• [Task item]
Whatever appears in the listing must be reproduced exactly.

[Start of section]

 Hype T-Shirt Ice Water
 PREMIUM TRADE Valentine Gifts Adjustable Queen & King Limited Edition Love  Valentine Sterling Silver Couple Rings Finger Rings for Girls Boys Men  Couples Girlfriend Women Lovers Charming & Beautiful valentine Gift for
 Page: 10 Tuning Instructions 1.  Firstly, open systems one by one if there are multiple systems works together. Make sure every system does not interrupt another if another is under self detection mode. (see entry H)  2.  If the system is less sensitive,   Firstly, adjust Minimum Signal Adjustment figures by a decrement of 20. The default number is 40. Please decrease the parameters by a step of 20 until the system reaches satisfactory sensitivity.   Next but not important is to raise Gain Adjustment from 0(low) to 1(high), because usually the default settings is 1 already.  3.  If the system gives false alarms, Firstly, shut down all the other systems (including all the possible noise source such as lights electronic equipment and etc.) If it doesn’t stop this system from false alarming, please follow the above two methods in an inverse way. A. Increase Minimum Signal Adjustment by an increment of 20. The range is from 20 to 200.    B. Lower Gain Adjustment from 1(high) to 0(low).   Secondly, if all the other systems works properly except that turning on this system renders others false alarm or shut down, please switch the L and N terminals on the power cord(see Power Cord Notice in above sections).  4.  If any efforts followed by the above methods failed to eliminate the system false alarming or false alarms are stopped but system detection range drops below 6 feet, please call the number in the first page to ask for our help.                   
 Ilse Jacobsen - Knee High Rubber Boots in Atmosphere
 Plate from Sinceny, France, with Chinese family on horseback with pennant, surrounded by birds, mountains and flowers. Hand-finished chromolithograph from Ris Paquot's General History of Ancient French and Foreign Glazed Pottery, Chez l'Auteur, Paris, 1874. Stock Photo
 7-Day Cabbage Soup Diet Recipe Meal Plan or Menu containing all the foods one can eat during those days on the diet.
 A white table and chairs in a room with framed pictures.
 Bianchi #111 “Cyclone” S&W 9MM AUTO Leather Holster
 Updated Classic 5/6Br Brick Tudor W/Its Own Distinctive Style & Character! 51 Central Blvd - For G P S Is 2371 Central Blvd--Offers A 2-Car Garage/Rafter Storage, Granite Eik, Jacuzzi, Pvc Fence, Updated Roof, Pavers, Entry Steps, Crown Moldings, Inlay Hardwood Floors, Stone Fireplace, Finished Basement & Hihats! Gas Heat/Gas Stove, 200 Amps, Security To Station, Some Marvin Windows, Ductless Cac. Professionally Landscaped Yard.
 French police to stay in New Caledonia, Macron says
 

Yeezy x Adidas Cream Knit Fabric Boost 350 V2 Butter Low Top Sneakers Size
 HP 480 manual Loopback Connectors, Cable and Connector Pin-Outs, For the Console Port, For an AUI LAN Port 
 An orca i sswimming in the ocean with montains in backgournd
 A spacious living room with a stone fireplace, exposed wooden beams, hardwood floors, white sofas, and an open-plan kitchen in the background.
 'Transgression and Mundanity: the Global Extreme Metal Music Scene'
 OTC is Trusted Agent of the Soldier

[End of section]

• [Answer to the problem]
 Hype T-Shirt Ice Water
 PREMIUM TRADE Valentine Gifts Adjustable Queen & King Limited Edition Love  Valentine Sterling Silver Couple Rings Finger Rings for Girls Boys Men  Couples Girlfriend Women Lovers Charming & Beautiful valentine Gift for
 Page: 10 Tuning Instructions 1.  Firstly, open systems one by one if there are multiple systems works together. Make sure every system does not interrupt another if another is under self detection mode. (see entry H)  2.  If the system is less sensitive,   Firstly, adjust Minimum Signal Adjustment figures by a decrement of 20. The default number is 40. Please decrease the parameters by a step of 20 until the system reaches satisfactory sensitivity.   Next but not important is to raise Gain Adjustment from 0(low) to 1(high), because usually the default settings is 1 already.  3.  If the system gives false alarms, Firstly, shut down all the other systems (including all the possible noise source such as lights electronic equipment and etc.) If it doesn’t stop this system from false alarming, please follow the above two methods in an inverse way. A. Increase Minimum Signal Adjustment by an increment of 20. The range is from 20 to 200.    B. Lower Gain Adjustment from 1(high) to 0(low).   Secondly, if all the other systems works properly except that turning on this system renders others false alarm or shut down, please switch the L and N terminals on the power cord(see Power Cord Notice in above sections).  4.  If any efforts followed by the above methods failed to eliminate the system false alarming or false alarms are stopped but system detection range drops below 6 feet, please call the number in the first page to ask for our help.                   
 Ilse Jacobsen - Knee High Rubber Boots in Atmosphere
 Plate from Sinceny, France, with Chinese family on horseback with pennant, surrounded by birds, mountains and flowers. Hand-finished chromolithograph from Ris Paquot's General History of Ancient French and Foreign Glazed Pottery, Chez l'Auteur, Paris, 1874. Stock Photo
 7-Day Cabbage Soup Diet Recipe Meal Plan or Menu containing all the foods one can eat during those days on the diet.
 A white table and chairs in a room with framed pictures.
 Bianchi #111 “Cyclone” S&W 9MM AUTO Leather Holster
 Updated Classic 5/6Br Brick Tudor W/Its Own Distinctive Style & Character! 51 Central Blvd - For G P S Is 2371 Central Blvd--Offers A 2-Car Garage/Rafter Storage, Granite Eik, Jacuzzi, Pvc Fence, Updated Roof, Pavers, Entry Steps, Crown Moldings, Inlay Hardwood Floors, Stone Fireplace, Finished Basement & Hihats! Gas Heat/Gas Stove, 200 Amps, Security To Station, Some Marvin Windows, Ductless Cac. Professionally Landscaped Yard.
 French police to stay in New Caledonia, Macron says
 

Yeezy x Adidas Cream Knit Fabric Boost 350 V2 Butter Low Top Sneakers Size
 HP 480 manual Loopback Connectors, Cable and Connector Pin-Outs, For the Console Port, For an AUI LAN Port 
 An orca i sswimming in the ocean with montains in backgournd
 A spacious living room with a stone fireplace, exposed wooden beams, hardwood floors, white sofas, and an open-plan kitchen in the background.
 'Transgression and Mundanity: the Global Extreme Metal Music Scene'
 OTC is Trusted Agent of the Soldier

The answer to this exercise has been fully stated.